Sebastian Rosato. "The Flawed Logic of Democratic Peace Theory". The American Political Science Review. Vol. 97, No. 4 (Nov., 2003)

“Democratic peace theory is probably the most powerful liberal contribution to the debate on the causes of war and peace. In this paper I examine the causal logics that underpin the theory to determine whether they offer compelling explanations for the finding of mutual democratic pacifism. I find that they do not. Democracies do not reliably externalize their domestic norms of conflict resolution.”

There are few checks on the foreign policies of elected executives

Elected leaders are not particularly accountable to peace loving publics or pacifist interest groups

Pretext for war: Is the democratic peace used as a pretext for war?

Spreading democracy and "peace" is used as a pretext for war

George W. Bush, in his 2005 State of the Union address, declared, “Because democracies respect their own people and their neighbors, the advance of freedom will lead to peace.”[4]

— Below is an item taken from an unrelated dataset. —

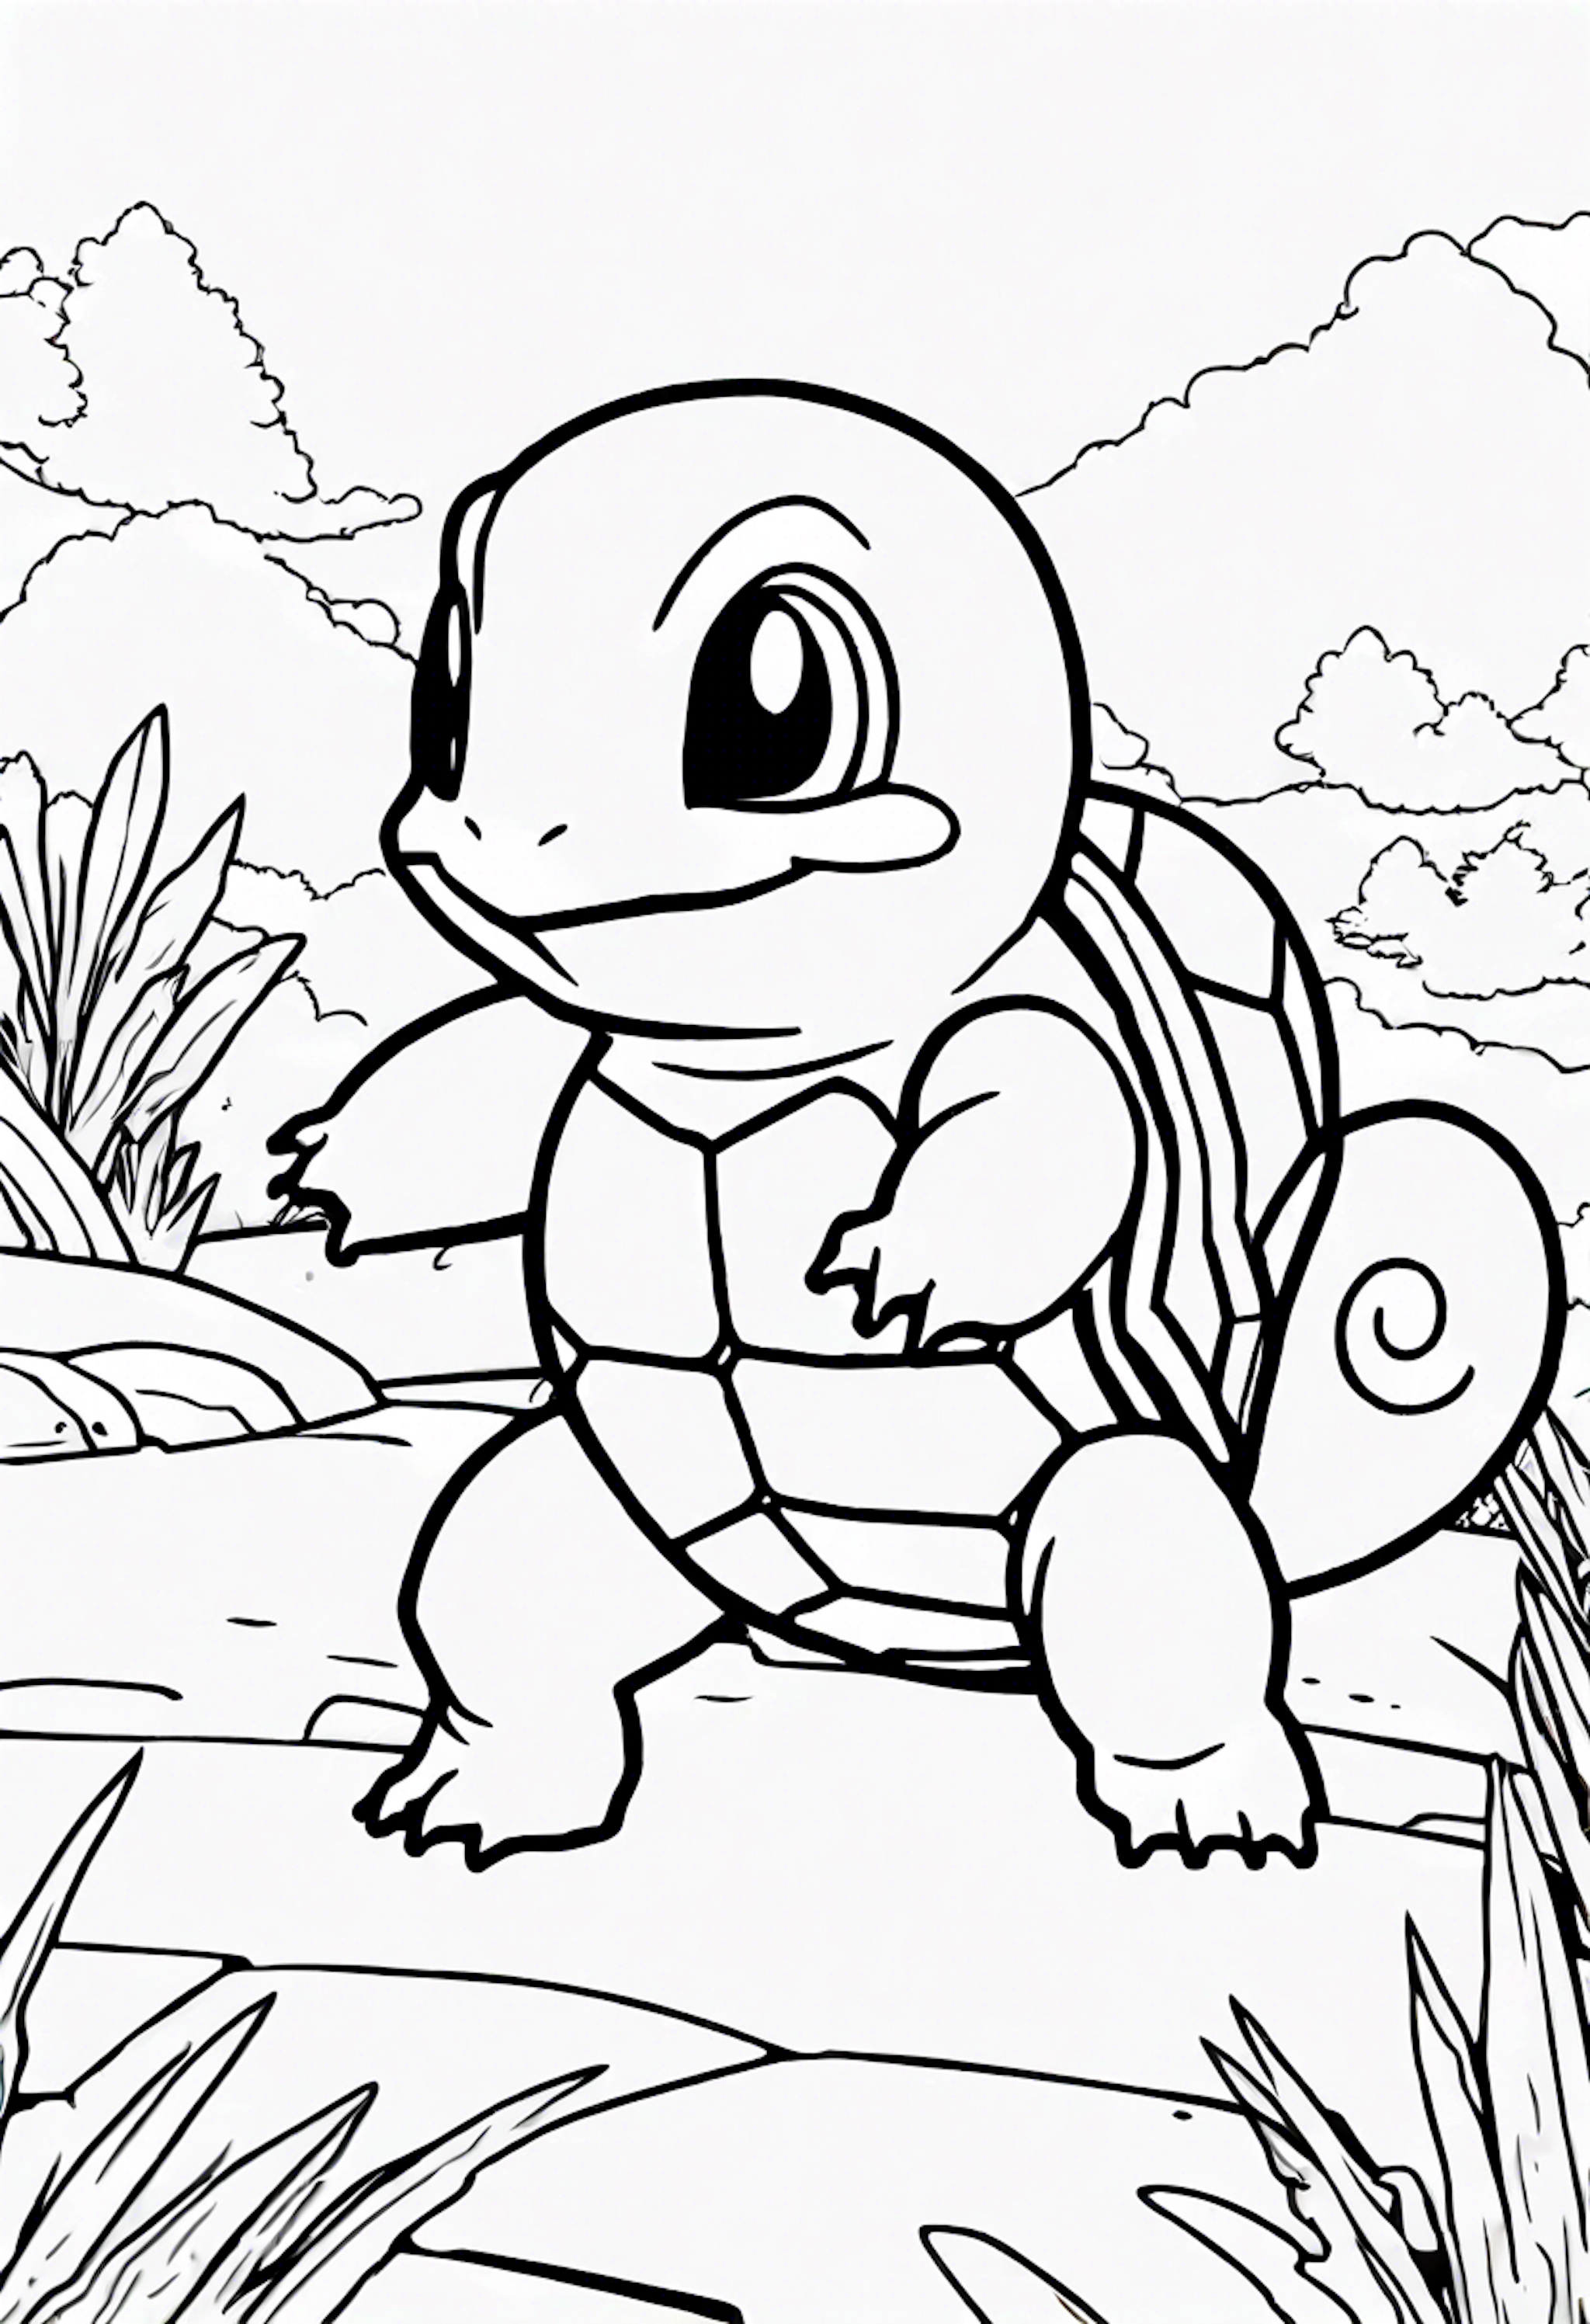 A coloring page for 33 Pokemon coloring pages

Western powers exploits "democratic peace" to maintain dominance

Majority: Does majority rule help or jeopardize peace?

Ethnic division: Does democracy help constrain or amplify ethnic divisions?

Ethnic voting in Democracies often stokes ethnic violence

Ethnic groups often vote in specific patterns. In this way, voting can highlight and foment divisions between ethnic groups, leading to violence, civil war, genocide, or even regional war.

Non-democracies: Do democracies fight non-democracies, and is this OK?

Democracies mostly only engage in defensive wars with non-democracies.

Anti-Westernism is a driving philosophy in opposing Democratic Peace

R.J. Rummel. "The Democratic Peace: A new IDEA"

“anti-Westernism (or anti-Americanism) have caused many intellectuals to reject fundamental Western values, including the faith in classical democratic freedoms; and with this has also gone a rejection of any evidence that these freedoms could promote peace.”

Democracies attack non-democracies, undermining pacifism myth

James Bovard. "The Democratic-Peace Fraud". The Future of Freedom Foundation. 23 May 2008

“Other democracies also lack pacifist resumes. Britain, which was a constitutional republic that became increasingly democratic as the 20th century wore on, attacked many nations to expand or defend its empire. Since the government of Israel was established in 1947/48, it has attacked Egypt (1956), Egypt and Syria (1967), and Lebanon (1982–2006), as well as engaging in more than 35 years of armed struggle against the Palestinians living in the occupied territories seized by Israel in the 1967 war. It also engaged in a defensive war in 1973 against Egypt and Syria.

Unless we assume that it is morally irrelevant when democratic governments kill people in nondemocratic countries, the bellicose record of democratic governments must be considered. The fact that democracies have been rare in history cannot whitewash democracies per se. The fact is that democracies attack.”